I. The What
Here’s what The New York Times exposé of education standards in the chasidic community missed: There are reasons why ethnic communities choose to stay insular. This is not to excuse the shockingly low testing results among chasidic boys, but it is a context worth adding to broaden the conversation.
We believe that all American citizens, regardless of race, creed or sex, should attain a fundamental level of English literacy, arithmetic, basic science, US history and civics. If chasidic boys don’t know how to read and write in English, that must be remedied. Literacy is an essential tool to almost any type of business or educational endeavor. It is also far more difficult to attain as an adult than as a child. Robbing children of literacy can potentially close many doors in their future — which, of course, the NYT article argues, is somehow the intention of chasidic society, to keep itself insular and removed from society at large.
Critics of the article have argued that the data is neither robust nor representative. Others say they know first-hand of cases that prove the story’s descriptions to be true. We’ll leave that aside, not having specific knowledge of the issue, but we have no reason to doubt the veracity of the Times’ educational data.
If there is any misuse of public funds, that requires a full and complete investigation and remedy. The article, while critical of the sums the chasidic schools receive, did not point to any illegality. Further, the article did not report how much the chasidic communities save the taxpayer due to the absence of public funding for addiction programs, crime and teenage pregnancies, all which are absent in these communities.
II. The Why
What the reporting failed to investigate is why chasidic families opt for insularity. It failed to investigate the values that the chasidic community holds dear, more precious than the educational standards their children are failing to meet. No better example could have illustrated this than in the actual issue of the NYT in which its exposé appeared. On the back page of the issue was a full page advertisement featuring a silhouette of a naked woman. This is why the chasidic community turns inward; it views secularism as a purveyor of values it doesn’t want in its communities.

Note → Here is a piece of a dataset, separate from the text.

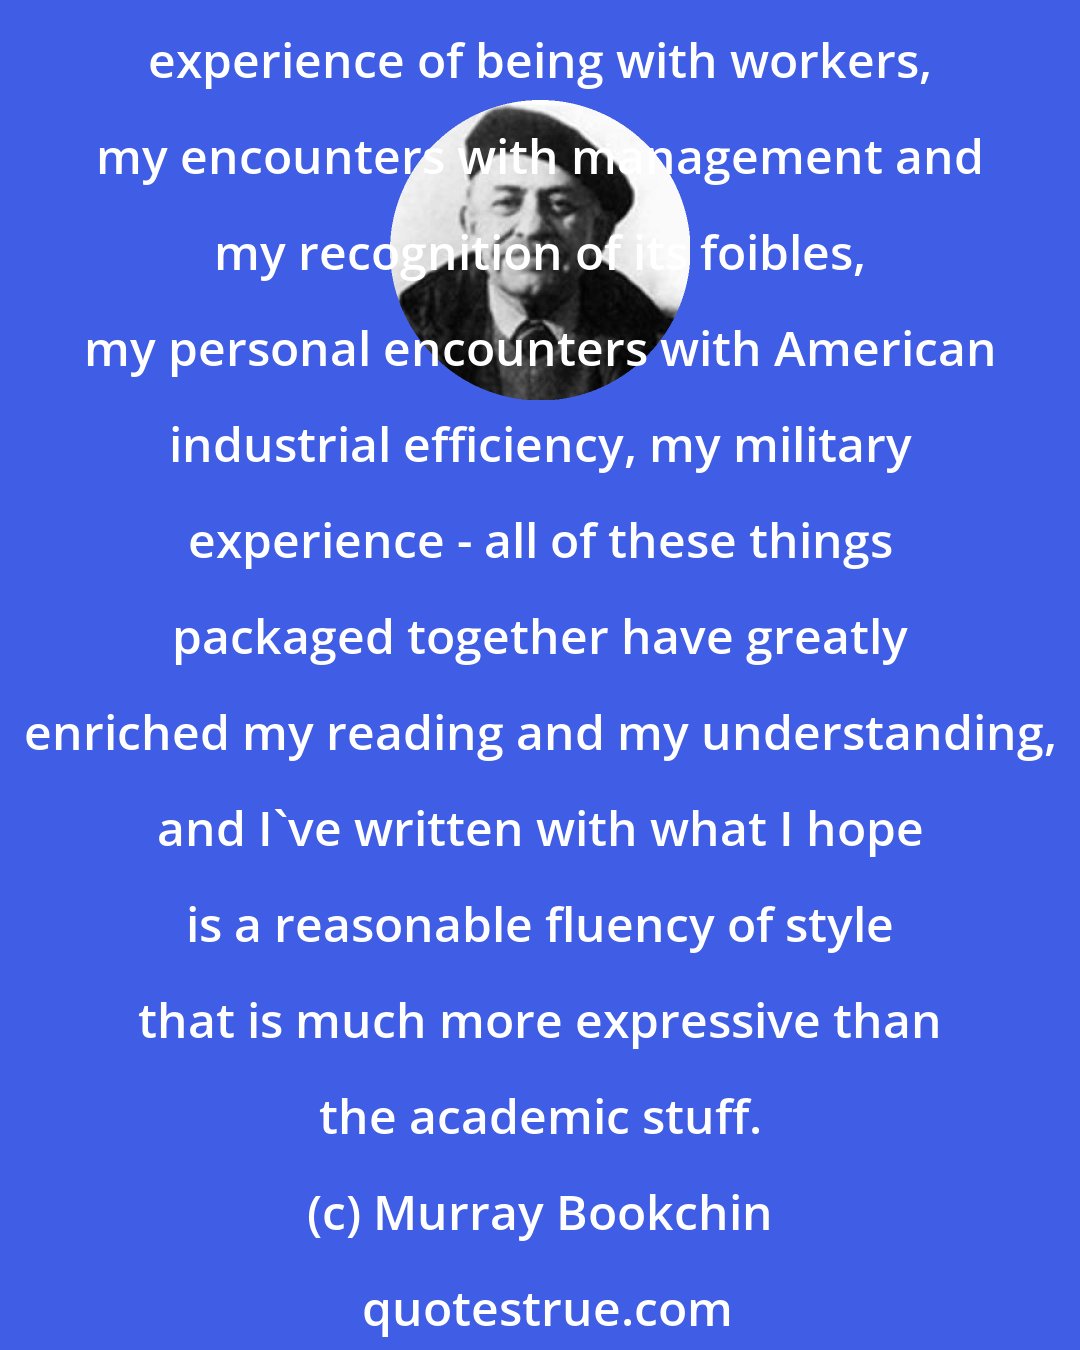 Murray Bookchin: I've worked in the factories of this land, and I've thought freely and creatively. And I think that that has greatly enriched my capacity to abstract intellectually. The experience of being with workers, my encounters with management and my recognition of its foibles, my personal encounters with American industrial efficiency, my military experience - all of these things packaged together have greatly enriched my reading and my understanding, and I've written with what I hope is a reasonable fluency of style that is much more expressive than the academic stuff.

The truth is that many minority communities seek to uphold their way of life amid a mainstream culture different to their own. It’s why second or third generation Hispanic families may still speak Spanish as their first language in their homes. The tricky balance is for a subcommunity to maintain and protect its unique characteristics while also being able to interact with mainstream society to the extent that its members are productive.
III. Journalistic Standards
Unlike some critics of the article, we do not believe it was anti-Semitic; we uphold the newspaper’s responsibility to cover its city’s multitude of communities. New York’s chasidic Jews are a part of New York’s fabric. Negative reporting of it is not necessarily anti-Semitic. That said, there were aspects of the article that were troubling.
First was the portrayal of chasidic Jews as controlling New York politicians, and as chasidic Jews voting according to their leaders’ guidance. None of this is unique to chasidic Jews or even to minorities. Every community has the right to lobby its representatives to fight for its interests — and every community does so. The idea that chasidic Jews are uniquely easy to manipulate for voting purposes because of their lack of secular education is both ignorant and offensive. A lack of secular education doesn’t make chasidic Jews fools and they are certainly not the only group to follow guidance in how to vote.
Second, the article “buries the lead,” to use journalism jargon. While the literacy rates among chasidic boys were bottom of the barrel, the graphs in the article all showed that New York’s public school rates of literacy overall were shockingly low, with almost no cadre above 50%. That’s where the vast bulk of the Dept. of Education’s funds are going. Chasidic boys are an important story, but they’re the smaller part. Isn’t the mass failure of New York public schools the bigger story? Was the story about chasidic schools written to deflect attention from the larger problem? If so, why did the NYT choose a Jewish story?
Finally, the article is being published against a horrific rise in wholly unprovoked violent physical and verbal crimes against New York’s religious Jews. That doesn’t mean the Times was wrong to publish its piece, but we fear that this negative portrayal may contribute to a further ratcheting up of crimes against Jews.
Especially as we are in the midst of our High Holy days, and more Jews will be on the streets of New York, easily identified dressed in their Yom Tov garb, we pray that New York’s Jews stay safe from the hateful attacks that have sadly become quotidian. The NYT publication of pictures of chasidic boys who were unnamed and whose schools were unnamed reinforces the ways the NYT sees them as aliens. This is never the right messaging, but certainly not in a time of rising anti-Semitism, not least in New York City.